Another glass-oriented work in the exhibition, circuit breaker (2021-22) by Sally Craven, imposes onto the centre gallery space. It’s made from a chain of large delicate glass rings that hang from the ceiling to the floor, and ends in a slight curve. Surrounding this glass chain is Craven’s second artwork, a body without organs (2021-2022), a set of enclosed plaster blocks from whose cracks ooze coloured glass. Undoubtedly a nod to Gilles Deleuze and Felix Guatarri’s concept of the same name, a body without organs suggests our bodies to be more fluid and porous than commonly understood, and seeks to understand what the unregulated potential of such a body could be.
Personally, I’ve always been particularly drawn to translucent materials and aesthetics—glass, mesh, ice, tracing paper, clouds, mist. These materials have always felt related to feelings of fluidity, vagueness, obfuscation, and gentleness, feelings I ascribe to different and malleable ways of thinking about gender, desire, and the body. What are the potentials of the body and gender when we untether them from the rigidity and solidity trying to contain and regulate them?

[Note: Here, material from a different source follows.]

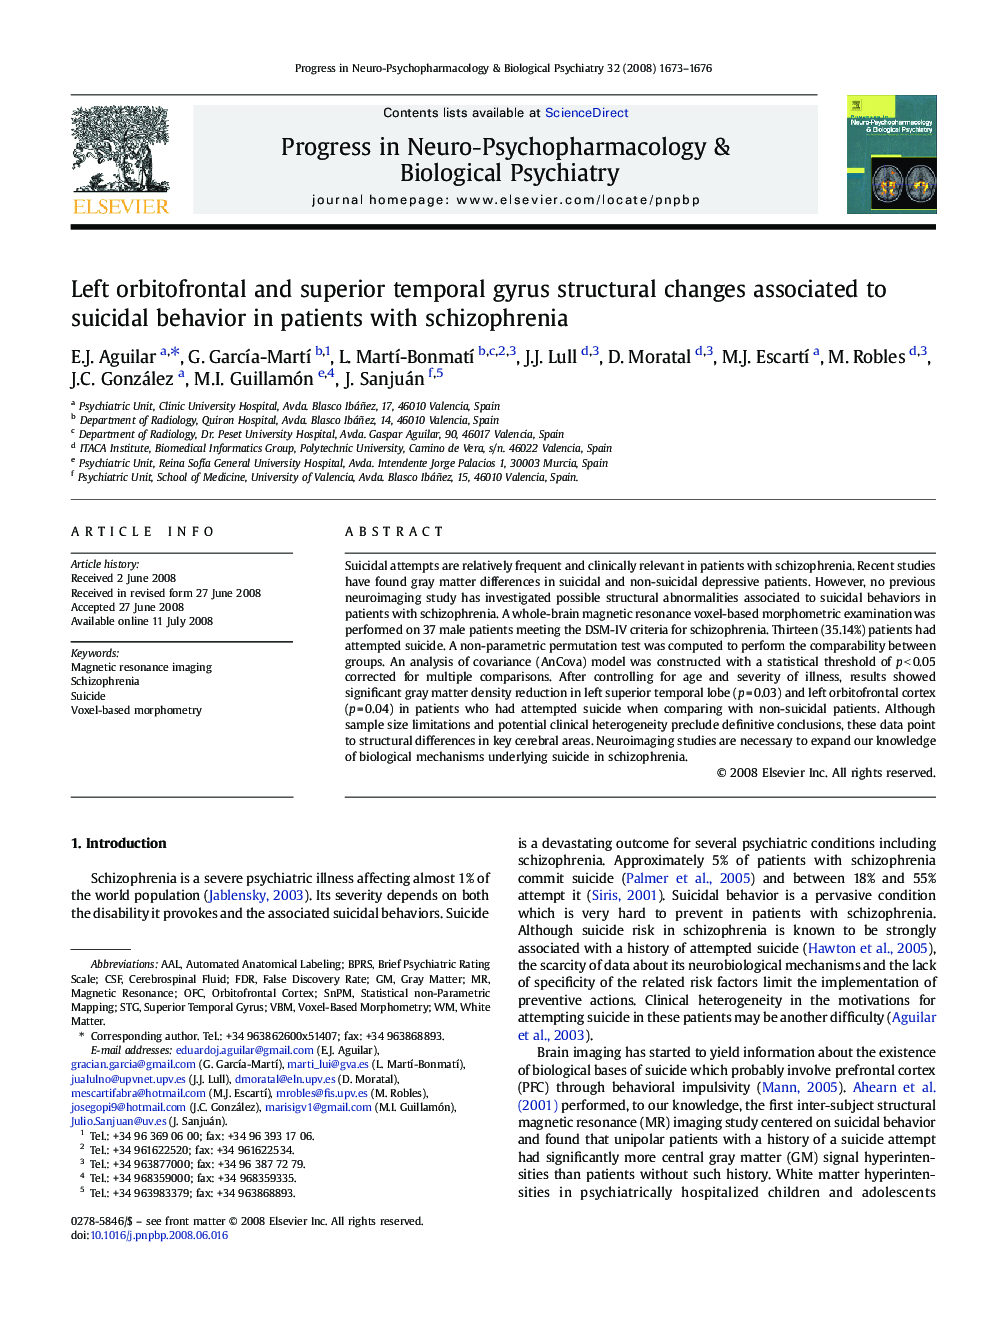 Left orbitofrontal and superior temporal gyrus structural changes associated to suicidal behavior in patients with schizophrenia

In a way, Craven’s work calls attention to the very fissures of embodied (and political) life that perhaps Rosenberg was speaking of, and that Hall is working through. Many of these works encourage us to read and see objects differently, to be open to the political potentials of not always understanding, to be open to the vagueness, contradictions, and complexities of life. To circle back to Rosenberg writing in reference to reading Judith Butler, he notes that “reading Gender Trouble without understanding it is about making a vow to the fissures that constitute embodiment, us, and our world.” Reading without understanding “has something to do with not giving up on your desire.” And Reading Into Things is completely full with such desire(s).
Audrey Pfister writes, and works in the arts and is currently based in Naarm. They have a Bachelor of Art Theory and First Class Honours in Arts (Media, Culture, Technology). You can usually find Audrey in the library.